The Book Thief: An Experience

We may be accustomed with the narrative of death being nothing but darkness that is eager to engulf all the light there is. But Markus Zusak portrays Death in The Book Thief with an uncanny and unaccustomed affection. This story is narrated by Death. It deals with the horrendous era of Holocaust, of blood-bath, of a violent definition of nationalism, of nightmares, of friendship and of love. Love of a girl for her father, her best-friend, her mother and some strangers.

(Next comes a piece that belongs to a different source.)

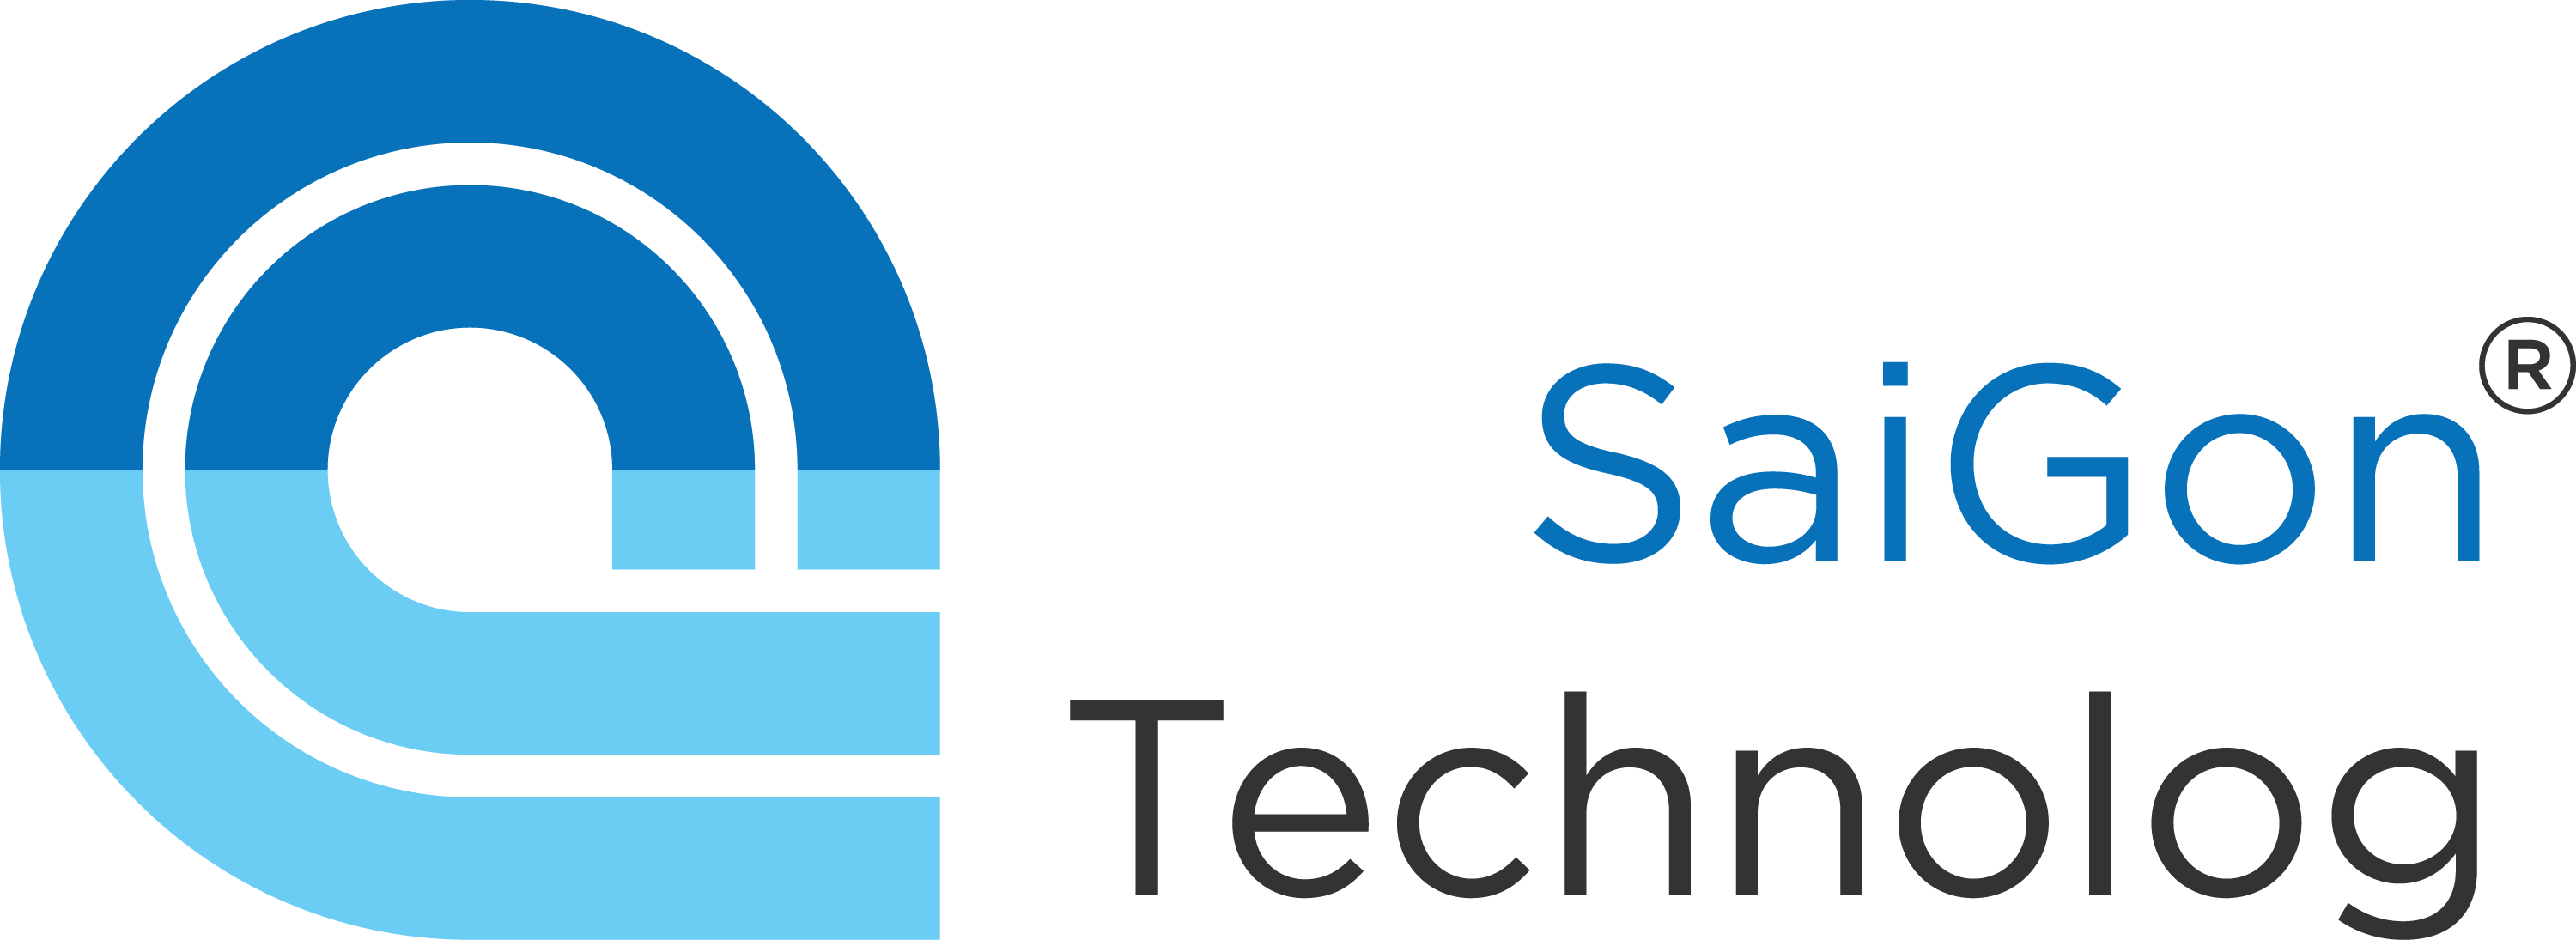 Saigon Technolog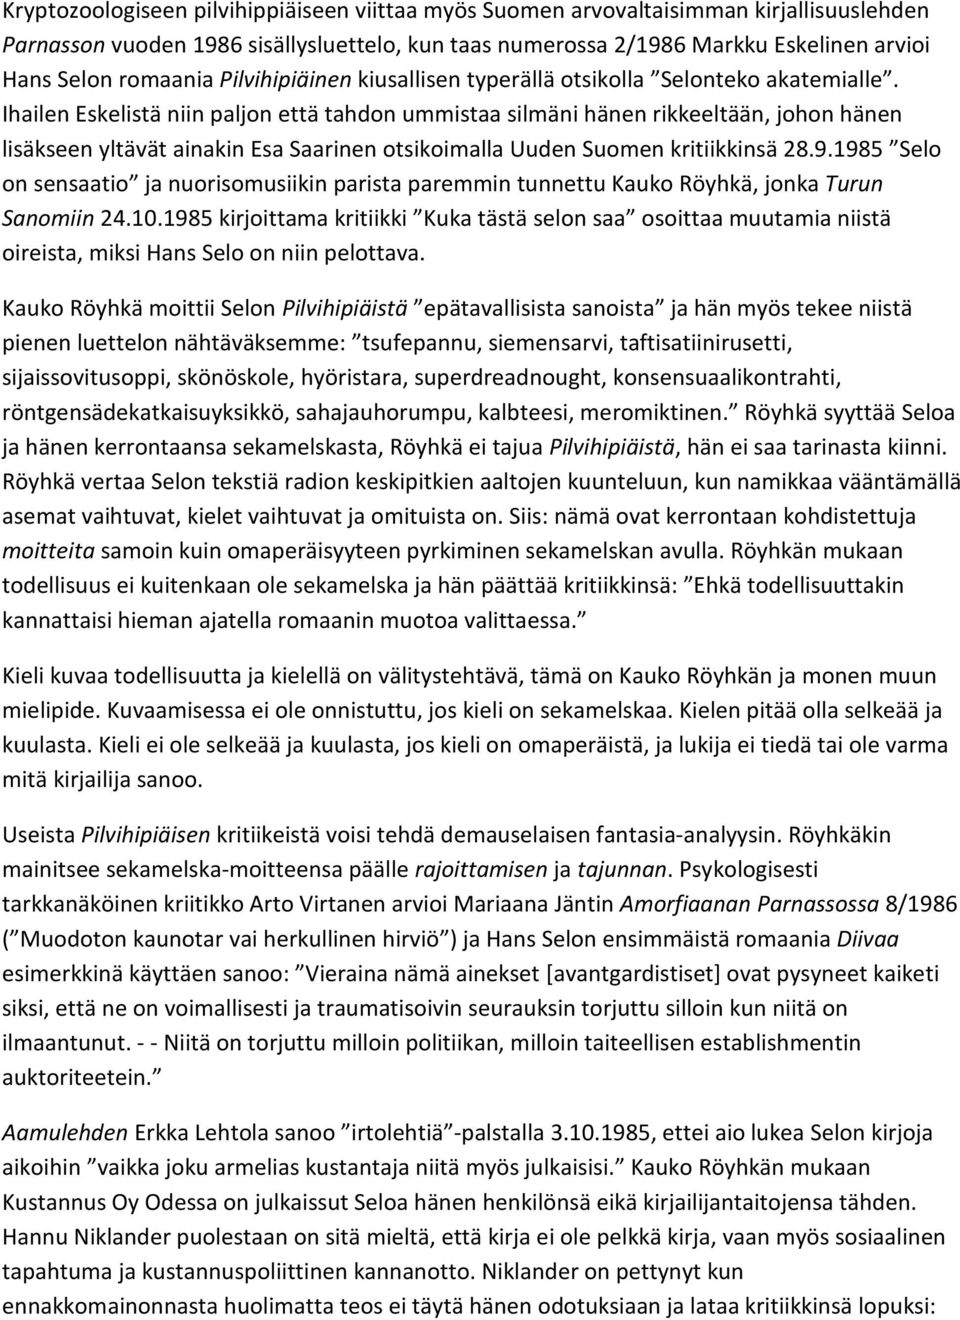 Ihailen Eskelistä niin paljon että tahdon ummistaa silmäni hänen rikkeeltään, johon hänen lisäkseen yltävät ainakin Esa Saarinen otsikoimalla Uuden Suomen kritiikkinsä 28.9.

Leisel is a German girl who is raised by her foster parents. And in the maniac times that they were, her parents particularly her father (Hans Hubermann) are the island of hope and compassion who could not hate a single being be it a Jew or not. Hans to Leisel was, what Atticus was to Jane in To Kill a Mockingbird, i.e. a true gentleman and a sensitive father. Leisel treasured this relation well. On one instance, Hans jovially offers her a glass of champagne. She liked the taste of it like many, but unlike many she liked the moment more than the alcohol. Hence she vowed never to have champagne again as it would never taste the same as it did on that summer afternoon of July with Papa. If only we all could value our moments and people more than we value our money, life would be little more happy and content.

Next what comes to our mind when we hear the word Death? Cruel, dark and sadistic. But here when the Death narrates the story, it looks like a completely different “person“. When the Germans were hiding in basements in order to protect themselves from air-raid, Death did pity on them. However Death also acknowledged that these people had atleast a chance than the ones who were tortured by these very people’s blind ideology. That basements were no washrooms. That they were atleast not purposefully sent there for shower.

This book in a nutshell is a highly sensitive dramatization of people and Death too. While reading it I laughed like idiots and cried like maniacs. The book also makes one appreciate the fact that the world has seen so much of bloodshed. The times we live in are so peaceful. Holocaust shouldn’t have happened but now that it has already marked its place in history, let’s learn handsome number of lessons from it. Or else the dead died in vain and so will we.

Five hundred souls. I carried them in my fingers, like suitcases. Or I’d throw them over my shoulder. It was only the children I carried in my arms.